→ Dataset extract:

==================================================

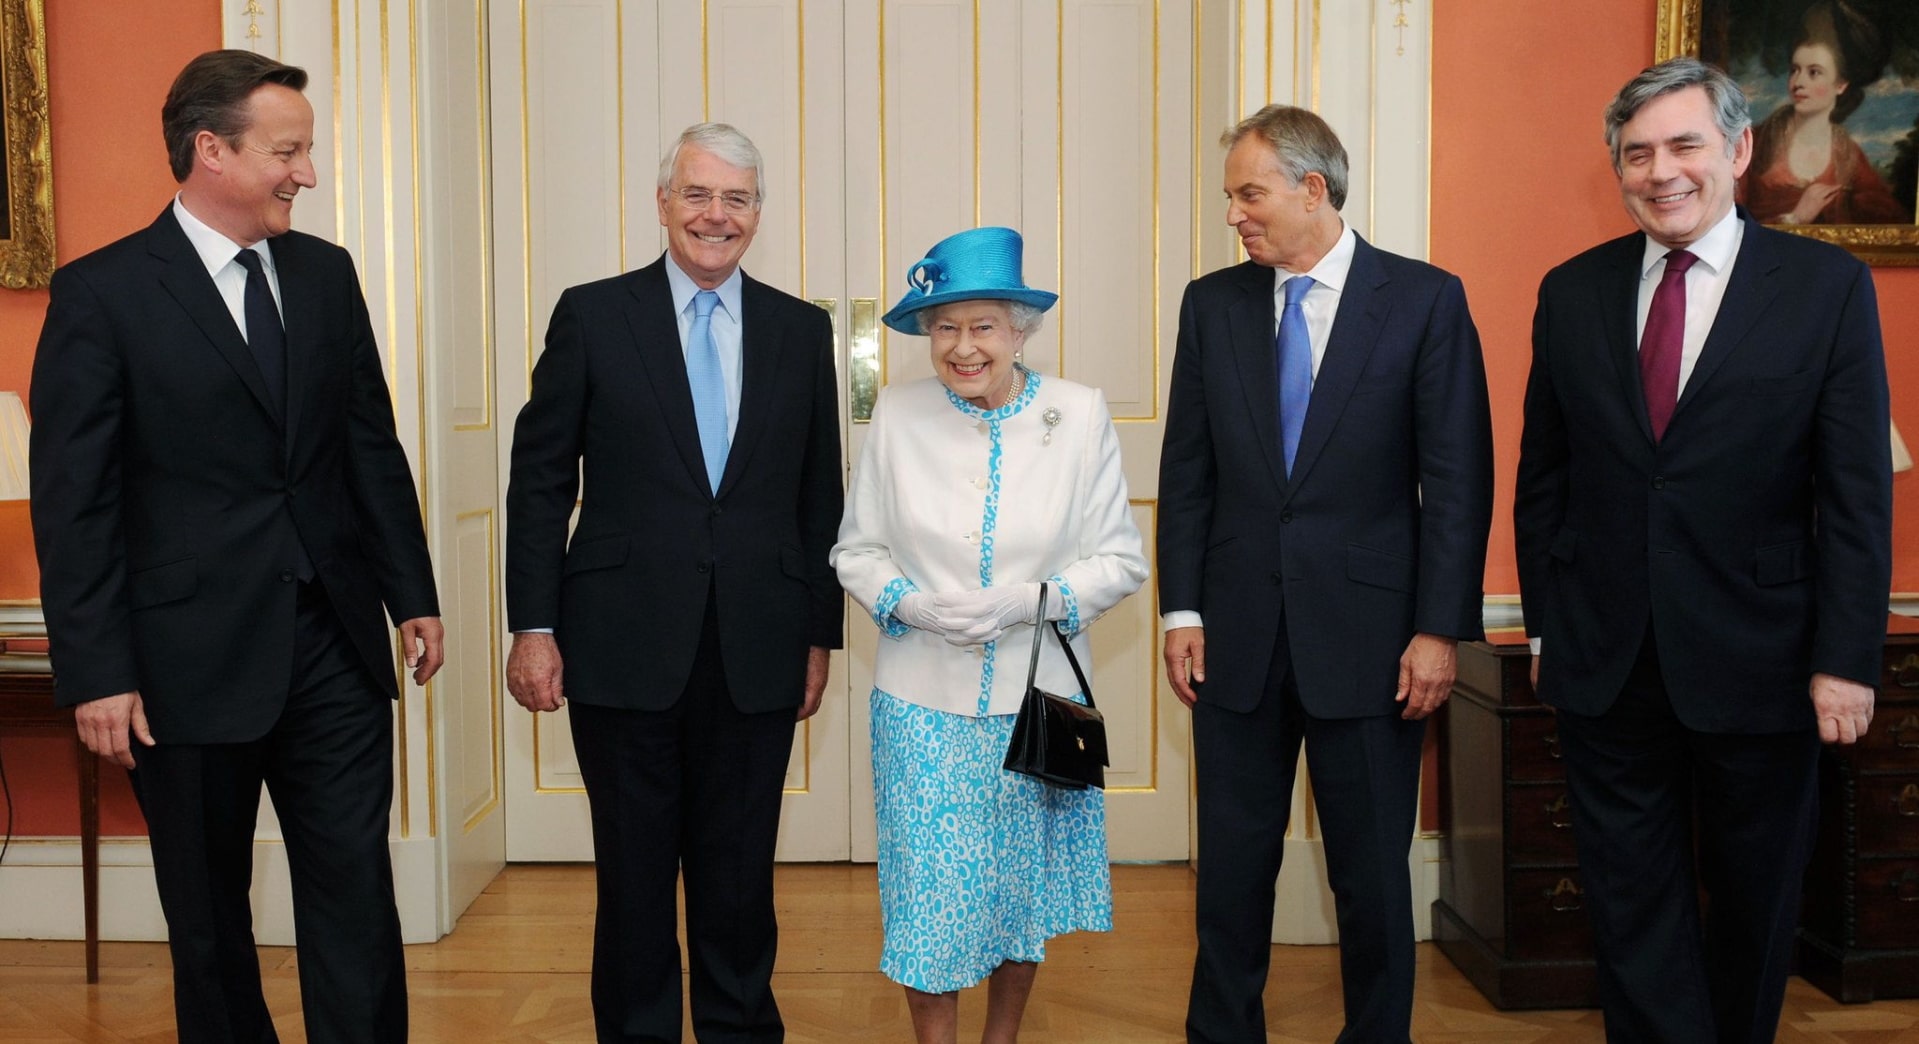 Кто главнее: королева или премьер-министр Великобритании?
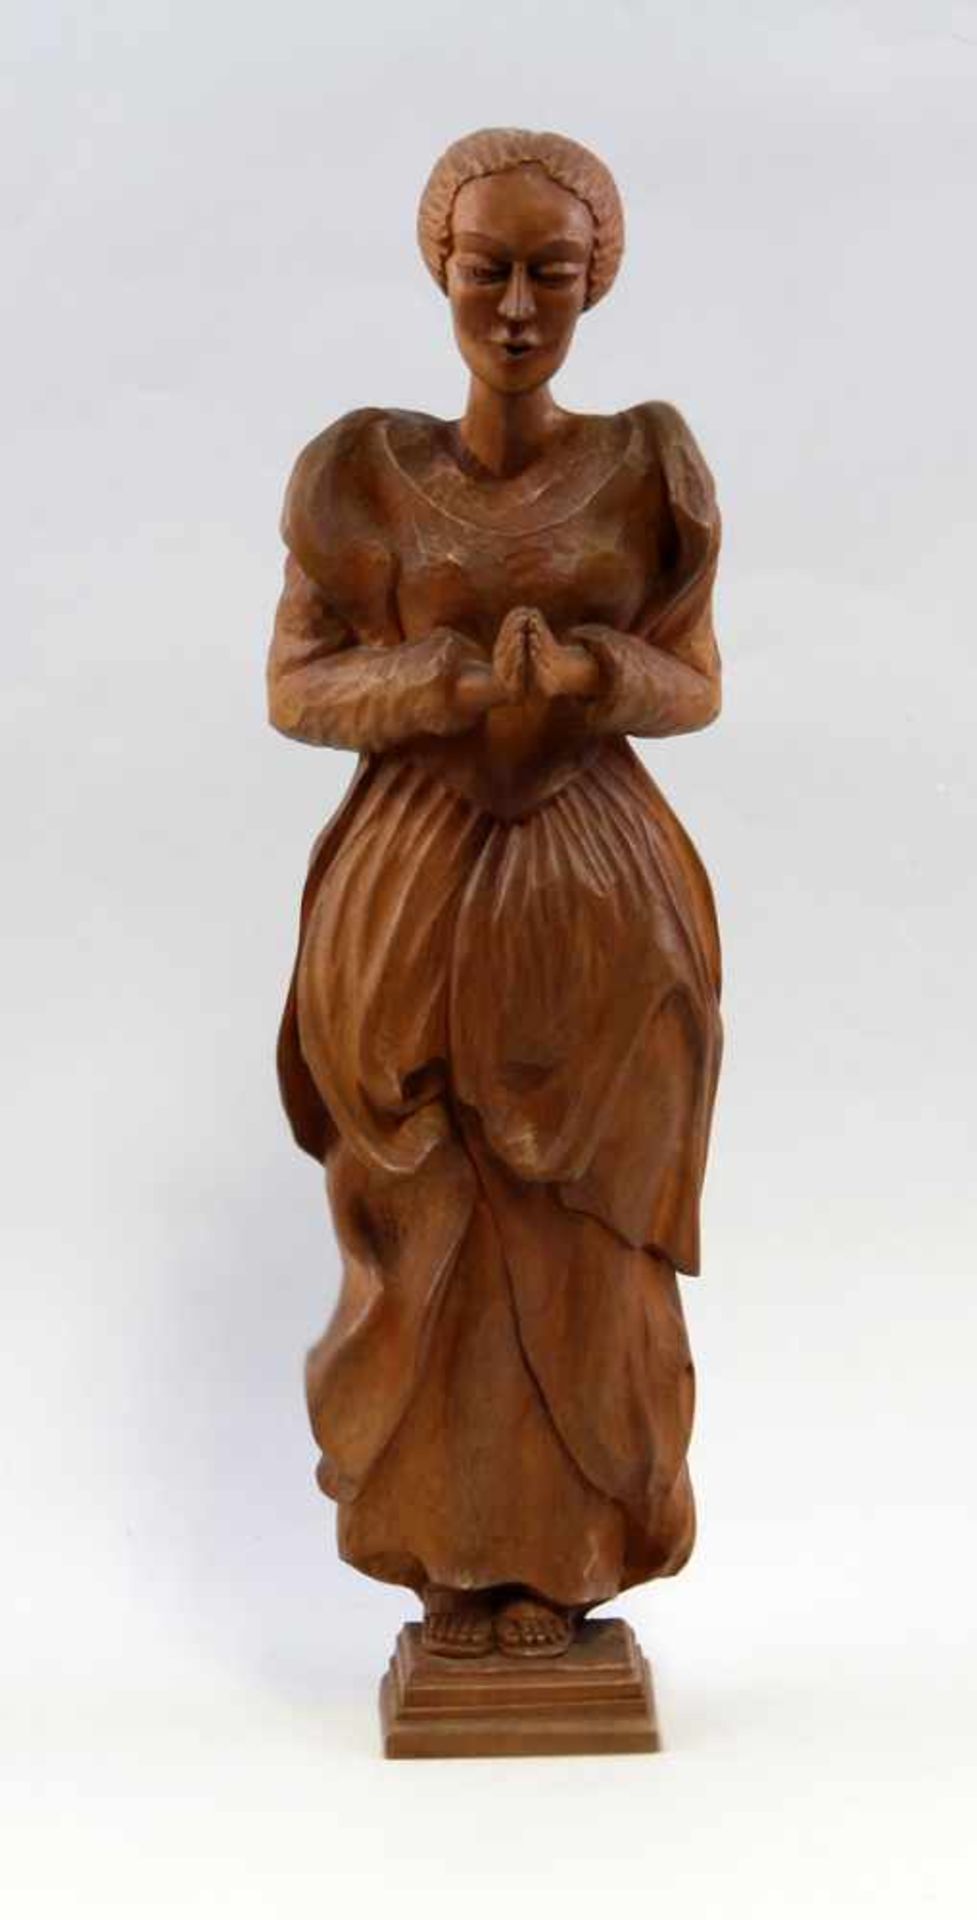 Holzfigur, Betende Frauwohl um 1930, Holz geschnitzt, detaillierte, künstlerische Ausführung einer
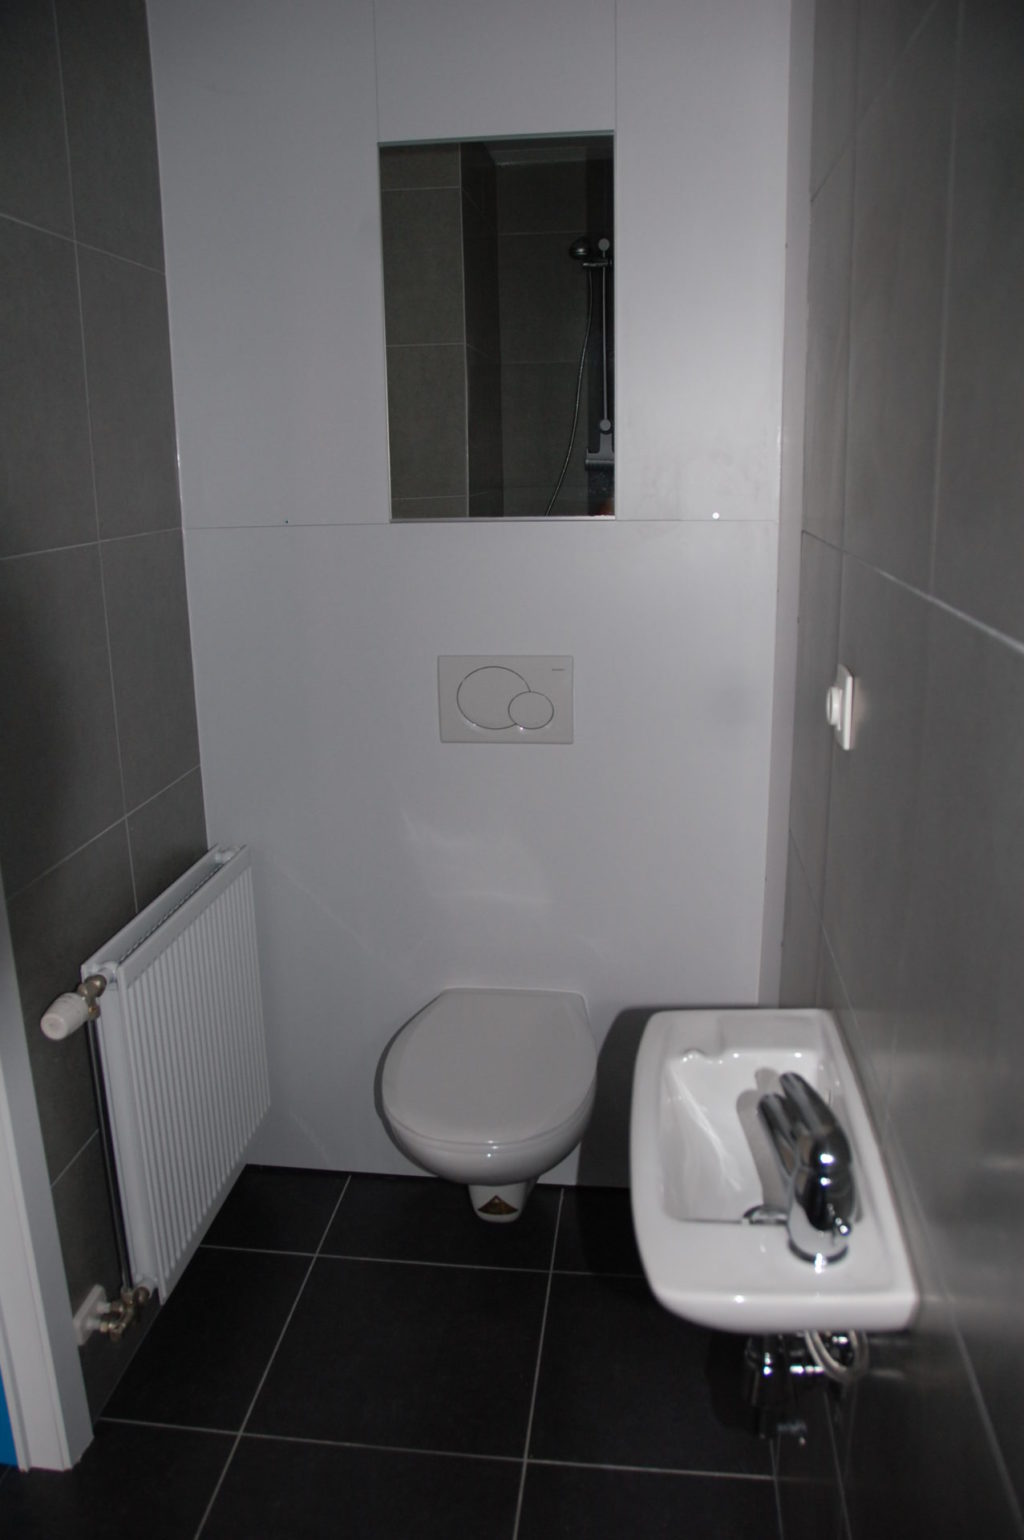 Sint-Jozefsstraat 30 - Kamer 13 - Toilet en lavabo

==================================================

→ Instructions to follow: Copy the data verbatim, skipping any image it holds.

→ Response:
 Кто главнее: королева или премьер-министр Великобритании?
 Holzfigur, Betende Frauwohl um 1930, Holz geschnitzt, detaillierte, künstlerische Ausführung einer
 Sint-Jozefsstraat 30 - Kamer 13 - Toilet en lavabo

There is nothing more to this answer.